Is Lucid in trouble? ›

Lucid Group Inc.

(NASDAQ:LCID) had a tough start to 2024, with its stock down over 34%. The good news is that for now, Lucid can continue to count on its largest investors' backing to support its massive cash burn.

What is the outlook for Lucid? ›

LCID Stock 12 Month Forecast

Based on 8 Wall Street analysts offering 12 month price targets for Lucid Group in the last 3 months.
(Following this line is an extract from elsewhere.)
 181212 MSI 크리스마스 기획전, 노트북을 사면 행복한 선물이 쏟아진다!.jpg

The average price target is $3.16 with a high forecast of $4.00 and a low forecast of $2.90. The average price target represents a 25.40% change from the last price of $2.52.

What will Lucid stock be worth in 5 years? ›

According to the latest long-term forecast, Lucid price will hit $3 by the middle of 2025 and then $4 by the end of 2026. Lucid will rise to $5 within the year of 2028, $7 in 2031 and $8 in 2034.
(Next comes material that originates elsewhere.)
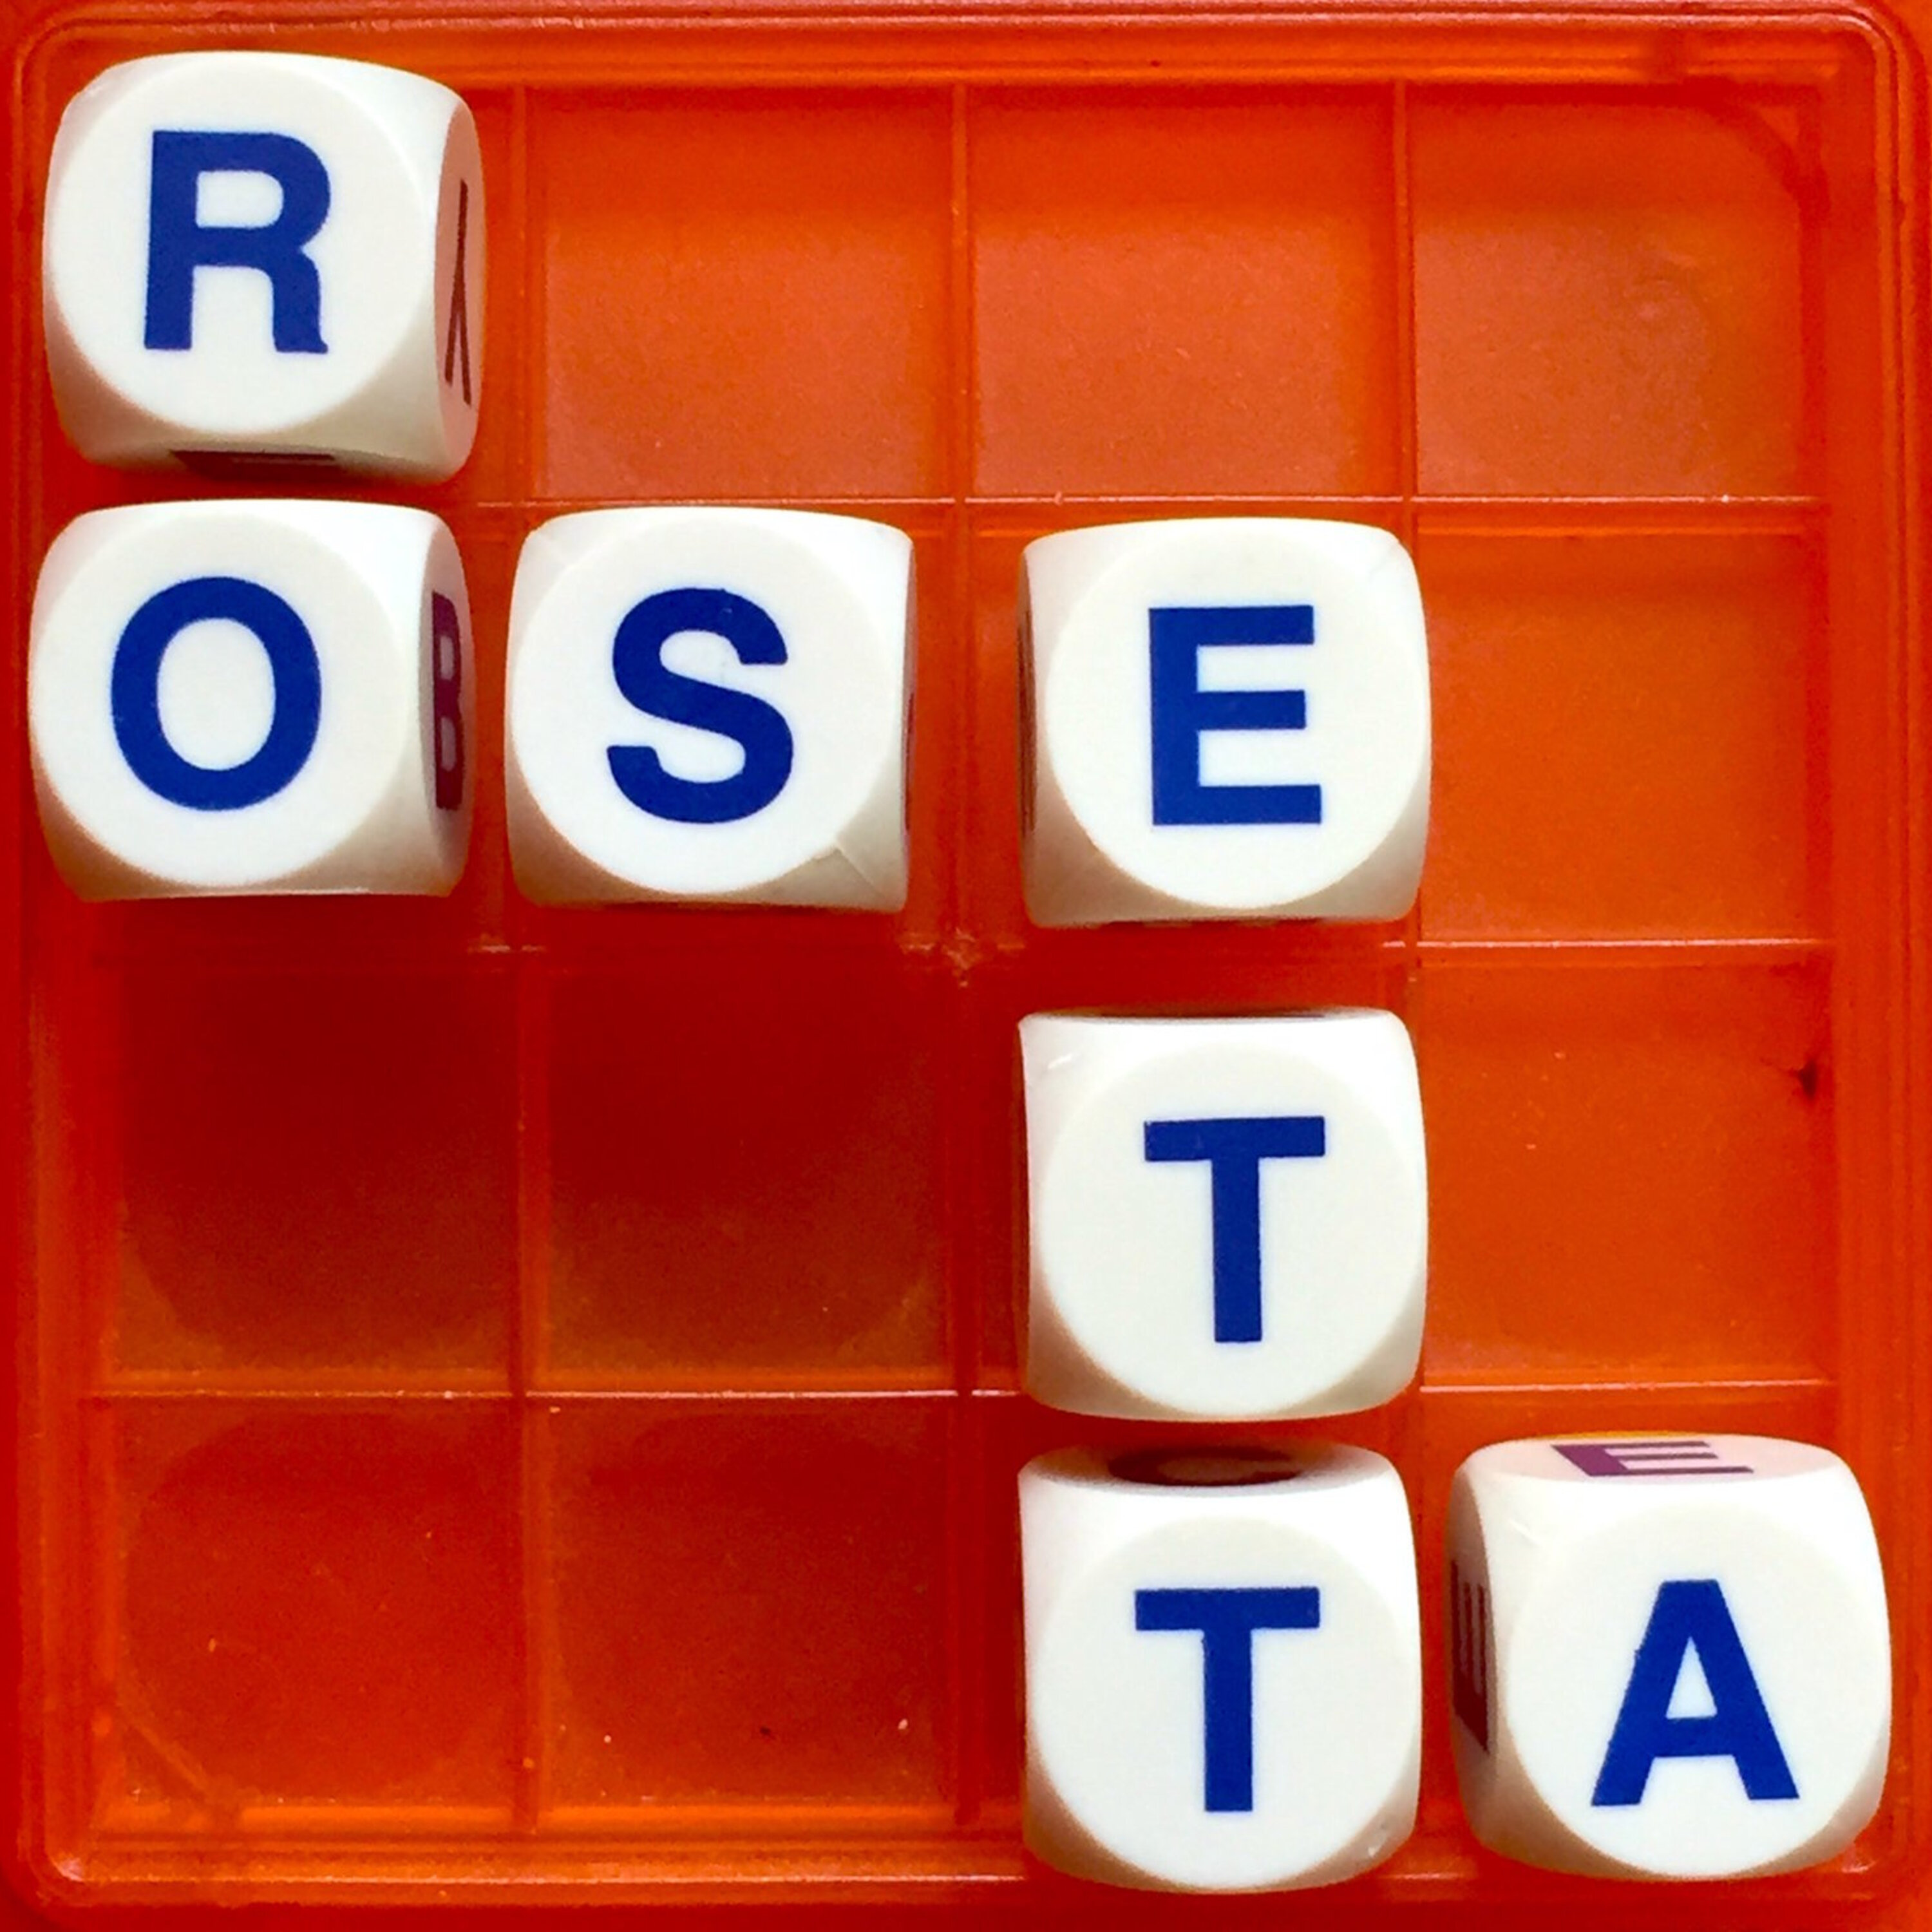 Thumbnail for "42. The Key part I: Rosetta".

Who owns the most lucid stock? ›

Top Shareholders
Holder# of SharesType
Mohammad bin Salman Al-Saud1,374,700,298Institution
Vanguard Index Funds93,656,827Institution
Vanguard80,685,495Institution
iShares12,644,932Institution
6 more rows

What is the rule of 72 Motley Fool? ›

Let's say that you start with the time frame in mind, hoping an investment will double in value over the next 10 years. Applying the Rule of 72, you simply divide 72 by 10. This says the investment will need to go up 7.2% annually to double in 10 years. You could also start with your expected rate of return in mind.

What are the 10 stocks the Motley Fool recommends? ›

See the 10 stocks »

Mark Roussin, CPA has positions in AbbVie, Alphabet, Coca-Cola, Microsoft, Prologis, and Visa. The Motley Fool has positions in and recommends Alphabet, Chevron, Home Depot, Microsoft, NextEra Energy, Prologis, and Visa.

Has anyone made money with Motley Fool? ›

Yes, Motley Fool stock picks have historically beat the market significantly. Their Stock Advisor picks have returned over 5x more than the S&P 500 over the past 20 years.

Do lucid motors have a future? ›

Lucid Motors may have run into headwinds in 2023 when it came to demand for the Air sedan, which prompted some price cuts (as with elsewhere in the industry). But the luxury EV maker is now aiming to boost its footprint in the US as it works on expanding its lineup further following the debut of the Gravity SUV.

Is Lucid a buy now? ›

Lucid stock has received a consensus rating of hold. The average rating score is and is based on 13 buy ratings, 15 hold ratings, and 7 sell ratings.

Is Lucid better than Tesla? ›

There's no question that the Lucid Air Sapphire is a better car than the Tesla Model S Plaid. It's brilliant to drive as a canyon-carving supersports sedan and a cross-country grand tourer. Its exceptional range and fast-charging capability challenge Tesla's reputation as the untouchable EV technology leader.

Why is Lucid Motors crashing? ›

On the heels of recent production shortfalls and a major recall for its 2022 and 2023 model Lucid Air vehicles, new signs of weakening EV demand threaten Lucid's outlook. The company is already facing some business-specific challenges, and the overall industry now appears to be moving in unfavorable directions.

Will lucid cars succeed? ›

The company faces significant challenges, including fierce competition, price considerations, and the need to continually improve its technology. However, if Lucid Motors can navigate these challenges successfully, it has the potential to become a key player in the EV industry.

How is Lucid doing financially? ›

Lucid reported Q1 revenue of $172.7 million on deliveries of 1,967 vehicles and expects to manufacture approximately 9,000 vehicles in 2024. In Q1, Lucid raised $1.0 billion in financing via a private placement to an affiliate of the PIF, reflecting the PIF's continued and steadfast support of the Company.